With all due respect, it is my personal view that if the Court is not disposed to dismiss the petition, it should at the very least be consolidated with the appealed case.
Accordingly, I am constrained, at this time, to vote for the dismissal of the petition.
The facts antecedent to the case before this Court, as narrated by petitioner,[1] involve the perpetration of acts so bizarre and devoid of humanity as to horrify and numb the senses of all civilized men:
On August 2, 1994, the cadaver of a young girl, later identified as Angel Alquiza wrapped in a sack and yellow table cloth tied with a nylon cord with both feet and left hand protruding from it was seen floating along Del Pan St. near the corner of Lavesares St., Binondo, Manila.
When untied and removed from its cover, the lifeless body of the victim was seen clad only in a light colored duster, without her panties, with gaping wounds on the left side of the face, the left chin, left ear, lacerations on her genitalia, and with her head bashed in.
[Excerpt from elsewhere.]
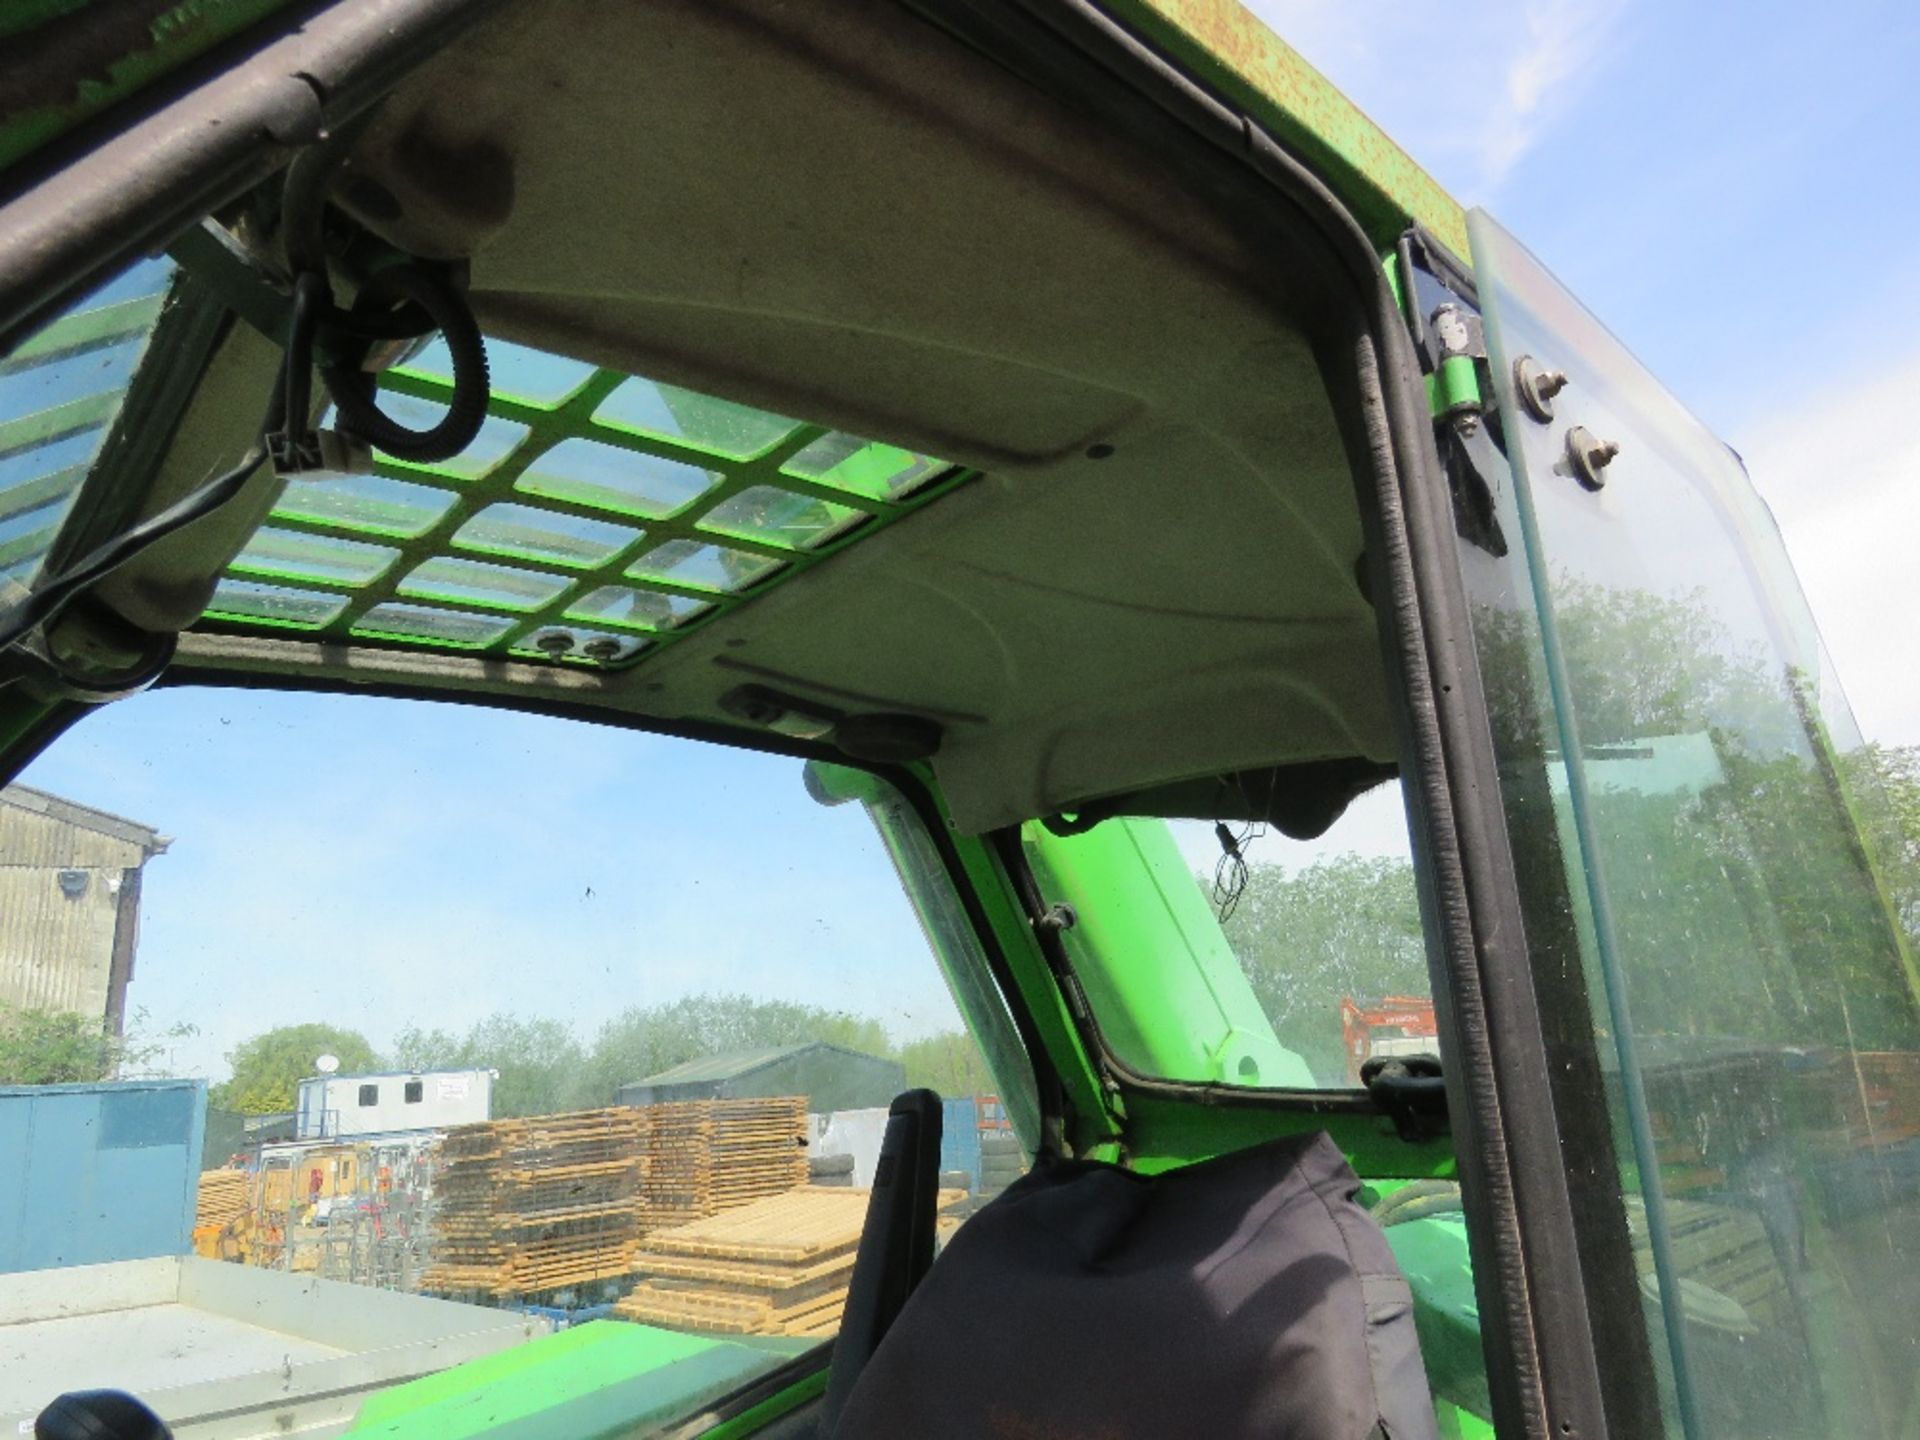 MERLO PANORAMIC P28.7 AGRI SPEC TELESCOPIC HANDLER, YEAR 2004 BUILD. 9764 REC HOURS. WHEN TESTED WAS - Image 12 of 13

On the basis of sworn statements of witnesses, booking sheets, arrest reports and the necropsy report of the victim, Abundio Lagunday, a.k.a. Jr. Jeofrey of no fixed address, and Henry Lagarto y Petilla, of 288 Area H. Parola Compound, Tondo, Manila were later charged with the crime of Rape with Homicide in an Information dated August 8, 1994 filed with the Regional Trial Court of Manila, National Capital Judicial Region. Said Information, docketed as Criminal Case No. 94-138071, reads:
That on or about August 2, 1994, in the City of Manila, Philippines, the said accused, conspiring and confederating together with one alias 'LANDO' and other persons whose true names, identifies and present whereabouts are still unknown and helping one another, with treachery, taking advantage of their superior strength and nocturnity, and ignominy, and with the use of force and violence, that is, by taking ANGEL ALQUIZA y LAGMAN into a warehouse, covering her mouth, slashing her vagina, hitting her head with a thick piece of wood and stabbing her neck did then and there willfully, unlawfully and feloniously have carnal knowledge of the person of said ANGEL ALQUIZA y LAGMAN, a minor, seven (7) years of age, against the latter's will and consent and on said occasion the said ABUNDIO LAGUNDAY, a.k.a. 'LANDO' and others, caused her fatal injuries which were the direct cause of her death immediately thereafter.
CONTRARY TO LAW.
Subsequently thereafter, Ernesto Cordero y Maristela, a.k.a. `Booster,' of 1198 Sunflower St., Tondo, Manila, Rolando Manlangit y Mamerta, a.k.a. 'Lando,' of 1274 Kagitingan St., Tondo, Manila, Richard Baltazar y Alino, a.k.a. 'Curimao,' also of 1274 Kagitingan St., Tondo, Manila, and Catalino Yaon y Aberin, a.k.a. 'Joel,' of 1282 Lualhati St., Tondo, Manila were accused of the same crime of Rape with Homicide in an Information dated August 11, 1994, docketed as Criminal Case No. 94-138138, allegedly committed as follows:
That on or about the 2nd day of August, 1994, in the City of Manila, Philippines, the said accused conspiring and confederating with ABUNDIO LAGUNDAY Alias 'JR,' JEOFREY and HENRY LAGARTO y PETILLA who have already been charged in the Regional Trial Court of Manila of the same offense under Criminal Case No. 94-138071, and helping one another, with treachery taking advantage of their superior strength and nocturnity and ignominy and with the use of force and violence, that is, by taking ANGEL ALQUIZA y LAGMAN into a pedicab, and once helpless, forcibly bringing her to a nearby warehouse, covering her mouth, slashing her vagina, hitting her head with a thick piece of wood and stabbing her neck, did then and there willfully, unlawfully and feloniously have carnal knowledge of the person of said ANGEL ALQUIZA y LAGMAN, a minor, seven (7) years of age, against the latter's will and consent and on said occasion the said accused together with their confederates ABUNDIO LAGARTO y PETILLA caused her fatal injuries which were the direct cause of her death immediately thereafter.
CONTRARY TO LAW.
The two criminal cases were consolidated to Branch 47 of the Regional Trial Court of Manila, presided over by respondent Judge.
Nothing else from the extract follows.